Special Features:  n/a

 


 

Review:

There’s a chilling moment in Jonathan Hayoun’s hour-long documentary in which a city mayor isolates the dark history of Auschwitz to a 4 year period in which the Nazis invaded Poland, built their largest killing centre, and fled or were arrested by Soviets liberators – 4 years in the city’s 800 years as a centre with its own history and culture. It’s a defensive stance that captures the unique conflict in which a city recovering from the horrors of WWII gradually rebuilt itself around remnants of the three-complexes that comprised Auschwitz-Birkenau, and land housing the remains of European Jews is being overtaken as the needs of expanding residential sectors require more land.
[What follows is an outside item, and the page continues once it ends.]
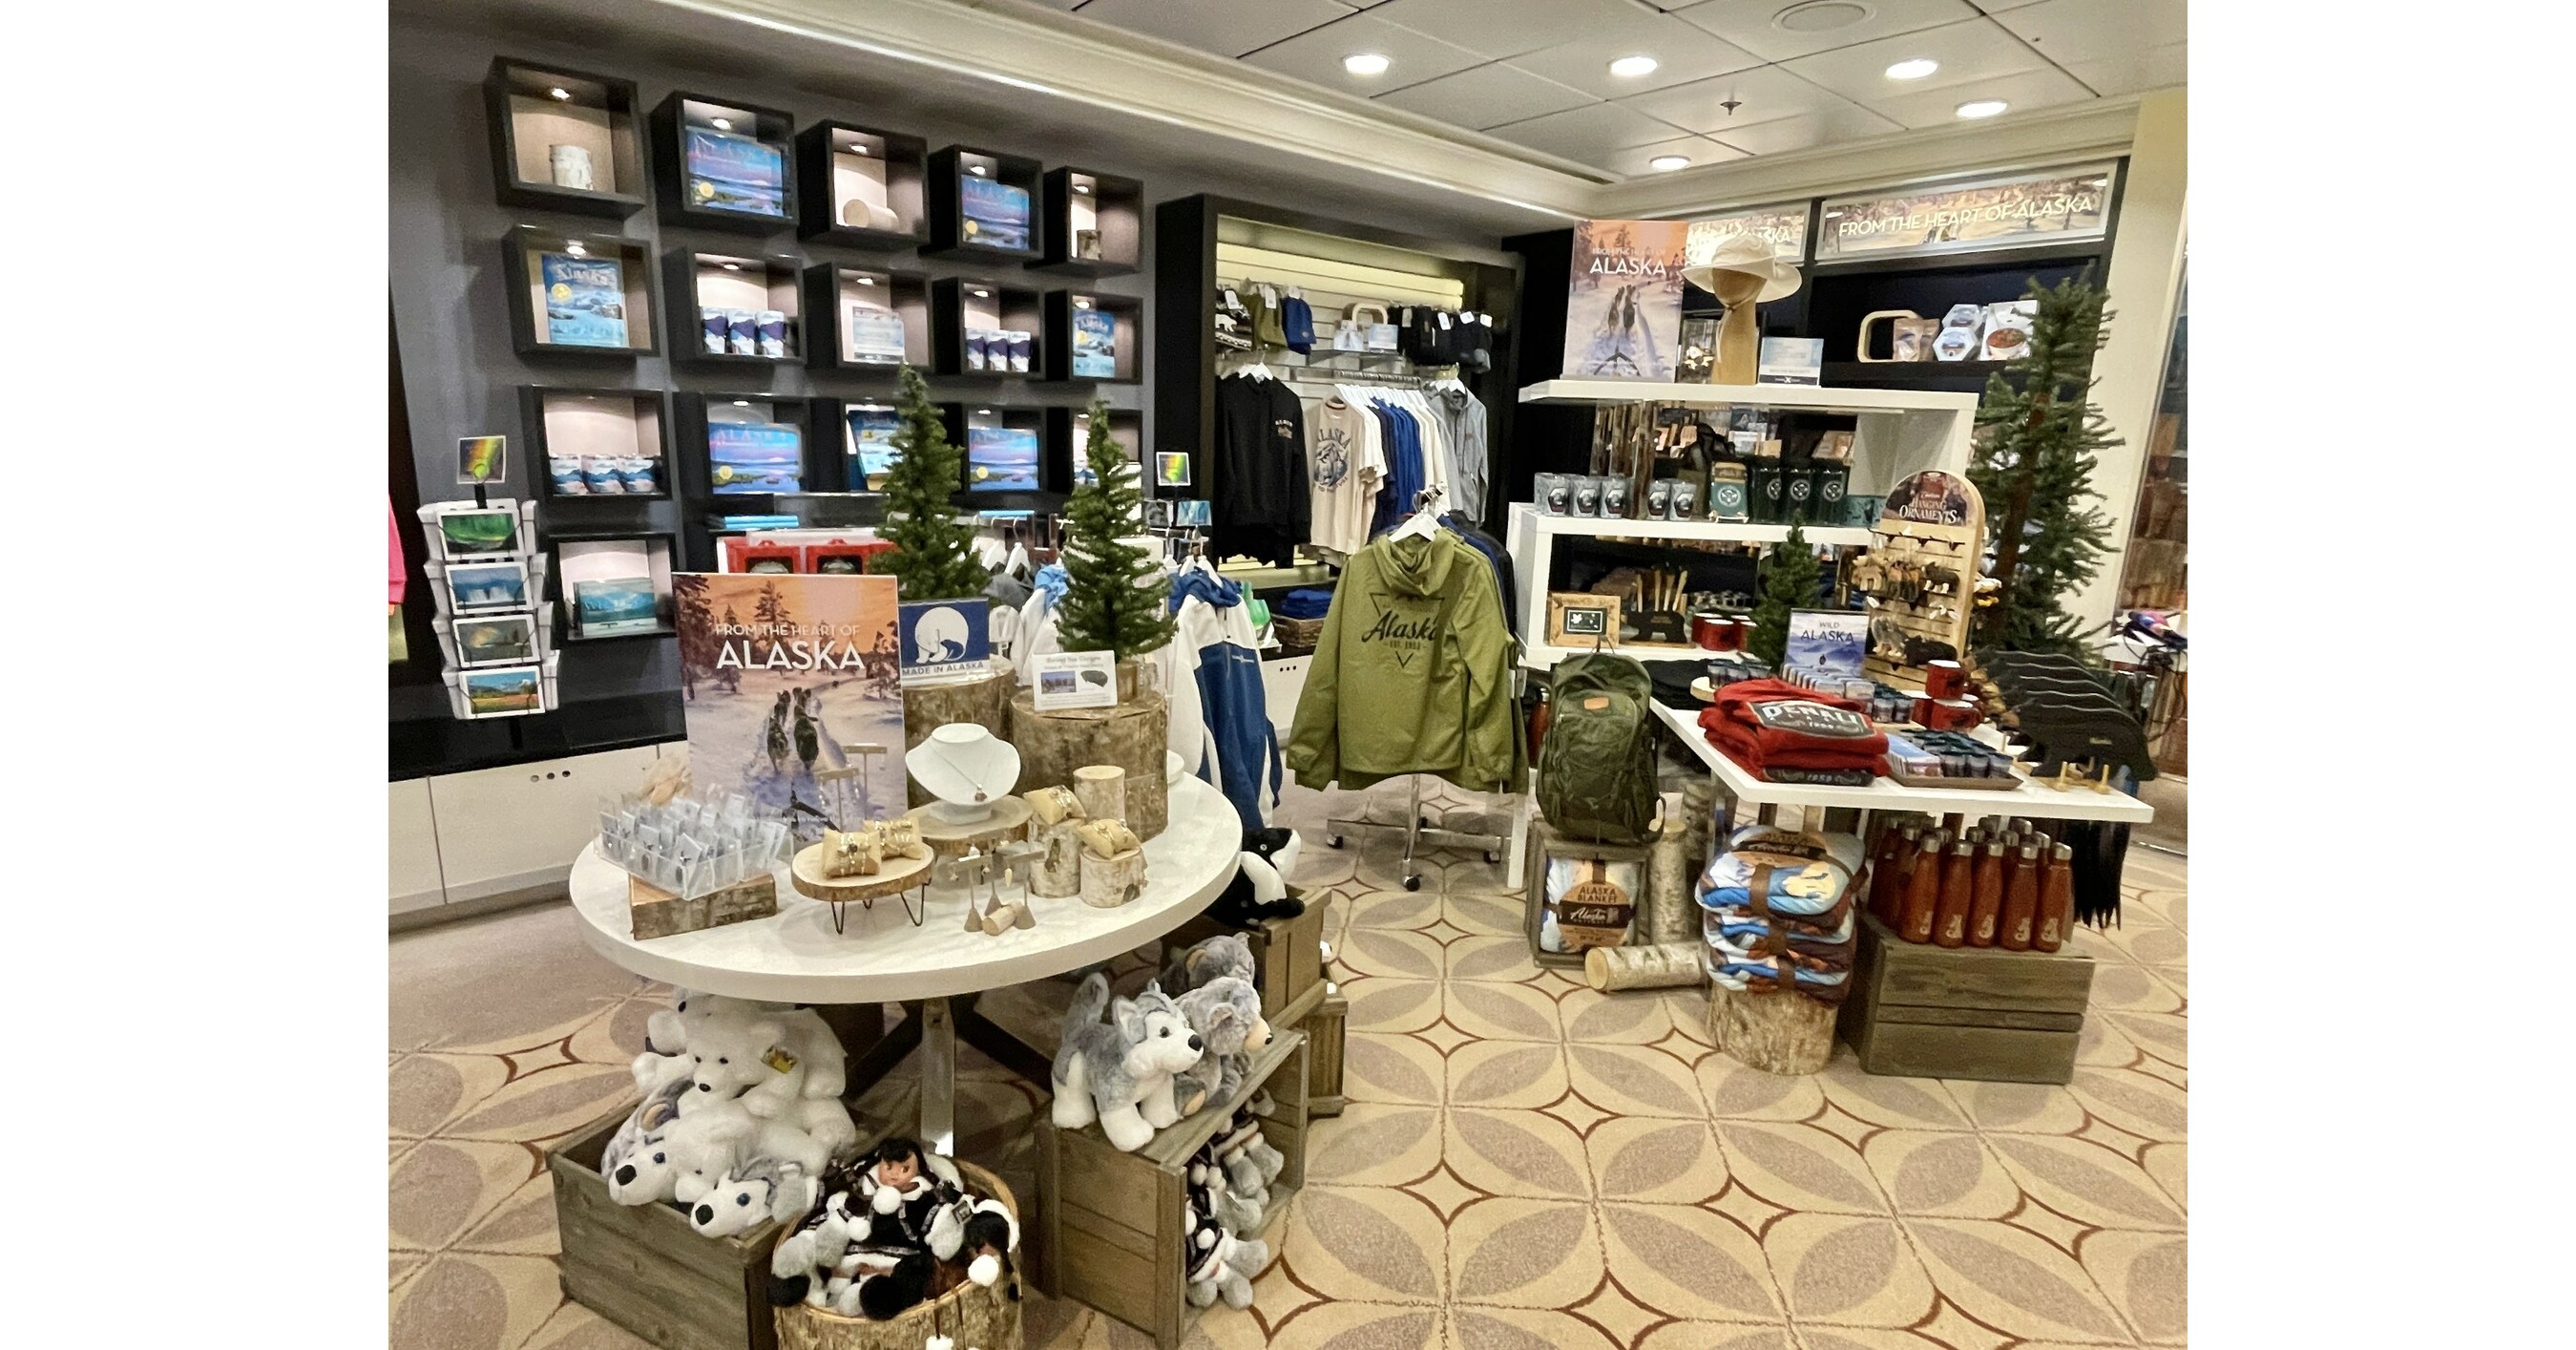 Starboard Cruise 'Fun Shops' Less About Transactions Than Creating  Experiences - Retail TouchPoints
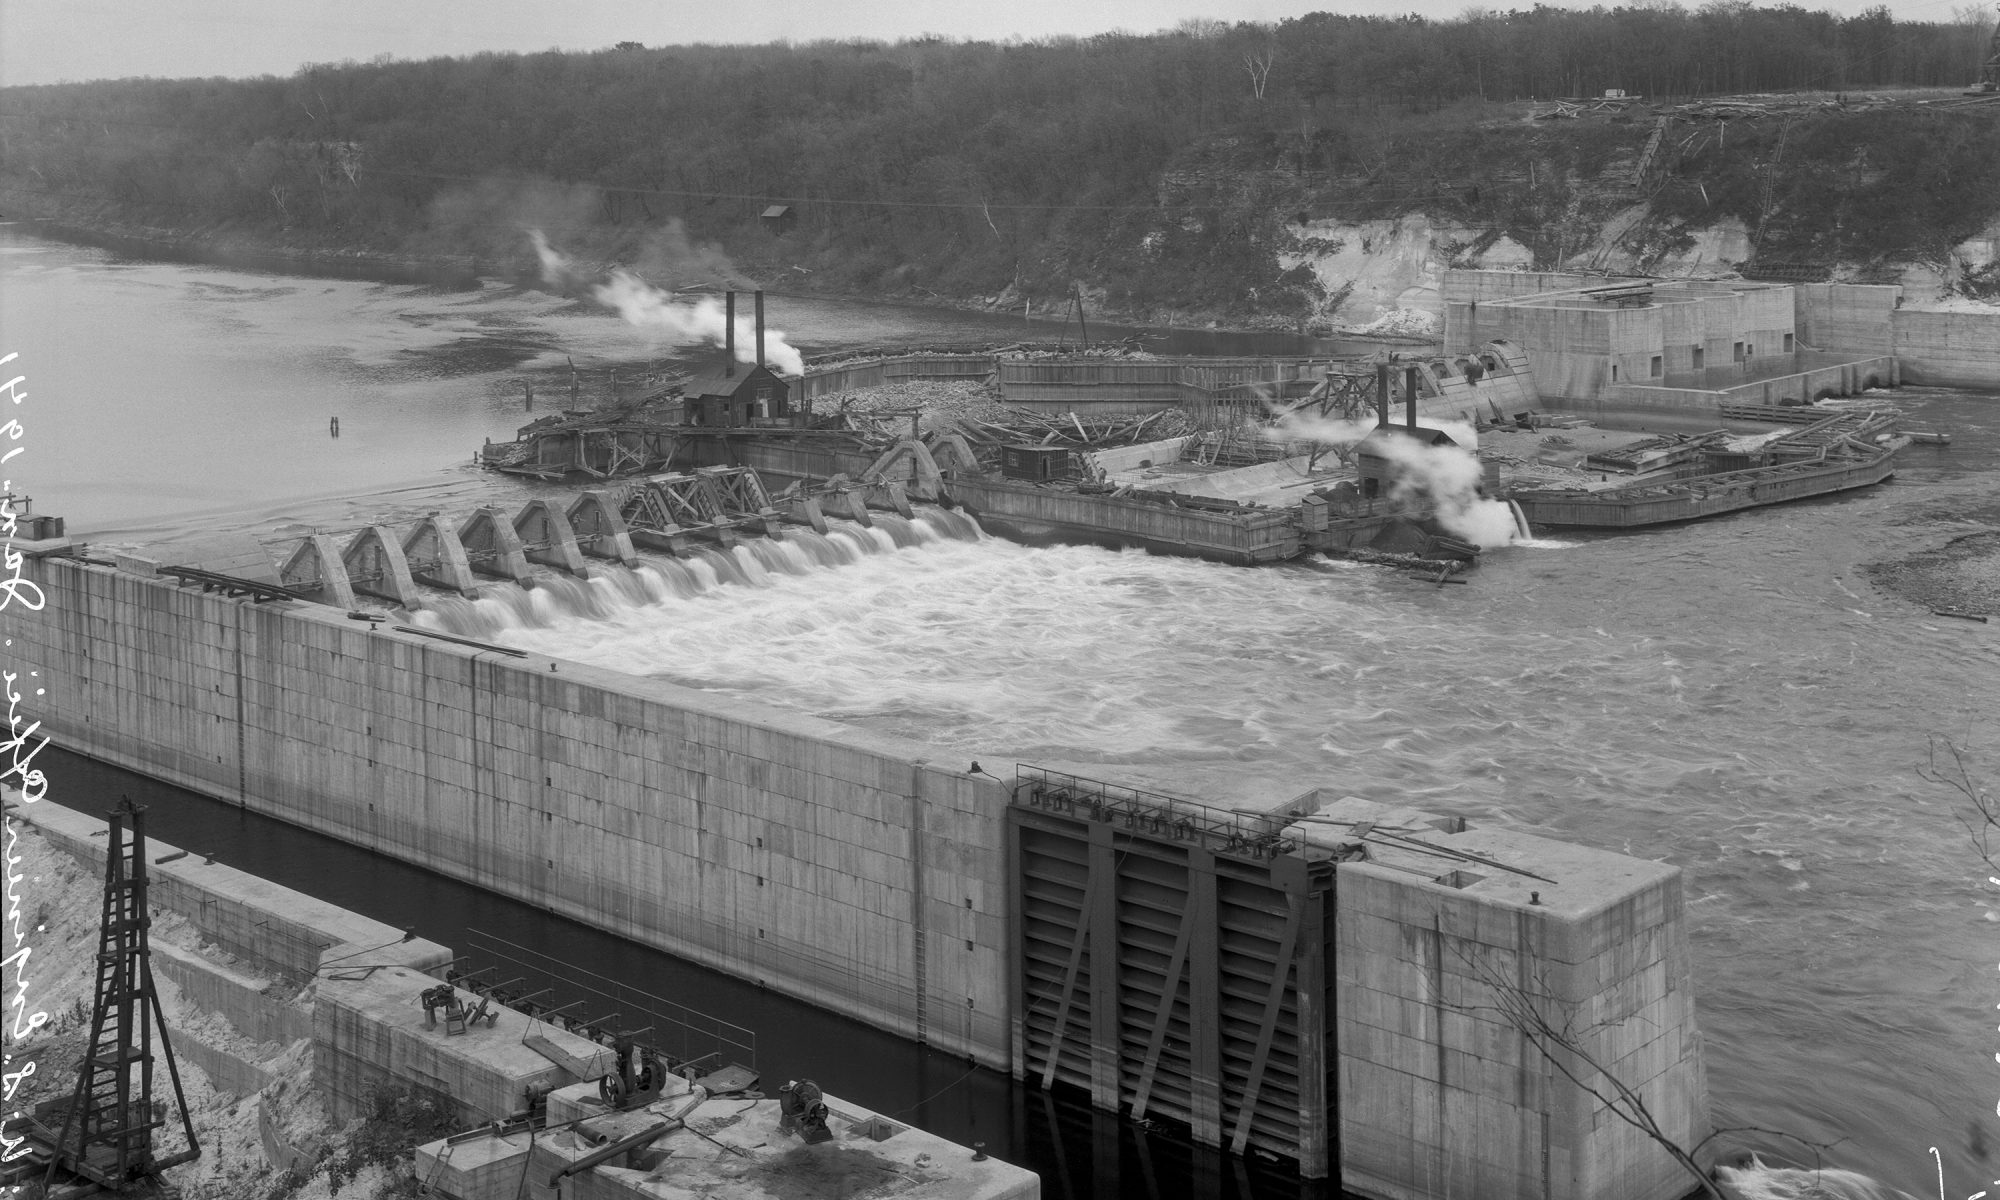 This 1916 photo, taken from the west side of the river, shows Lock & Dam No. 1 under construction. At the upper right are the original foundations built by the Army Corps of Engineers for a future hydroelectric plant. Those foundations would later be demolished to make way for Henry Ford’s larger turbine generators. Courtesy Minnesota Historical Society

Hayoun’s approach doesn’t overtly take sides, but he presents a series of interpolated arguments after tracing the politicizing and remaking of what’s likely one of the largest mass graves in modern history. From the Soviets who recreated their liberation of the camp for propaganda cameras, to the country’s leader who designated the death camp as a museum to victims of Nazi atrocities without citing Jews as its overwhelming dead, Auschwitz’s transformation to a must-see remnant of Nazi evil was seeded over several decades. It’s a complex, sad, and sometimes bizarre series of maneuvers which undoubtedly left survivors and descendants of victims in a surreal position of seeing traces of mass graves disappear, and even symbolic restoration of key sites lose significance from repurposing, encroaching construction, and zoning rules for the UNESCO World Heritage Site.

The question mark that punctuates the title represents the quandary of what will ultimately befall the camp. Its designation as an official museum and a focus on select historical artifacts changed the narrative to a killing centre with a broad, almost non-denominational mass of unnamed victims. Efforts to remove a residential unit and re-sanctify the first gas chamber, reconstruct the receiving rail ramp, and the ruins of the Birkenau section with fences and symbolic tombstones and placards seem doomed to apathy, and future eyesores of weeds, splintered wood, and dangerous hulks of weathered concrete and rusting rebar. It’s not impossible to imagine less overt remnants of the architecture and machinery becoming parks, commercial centres, or something similarly banal.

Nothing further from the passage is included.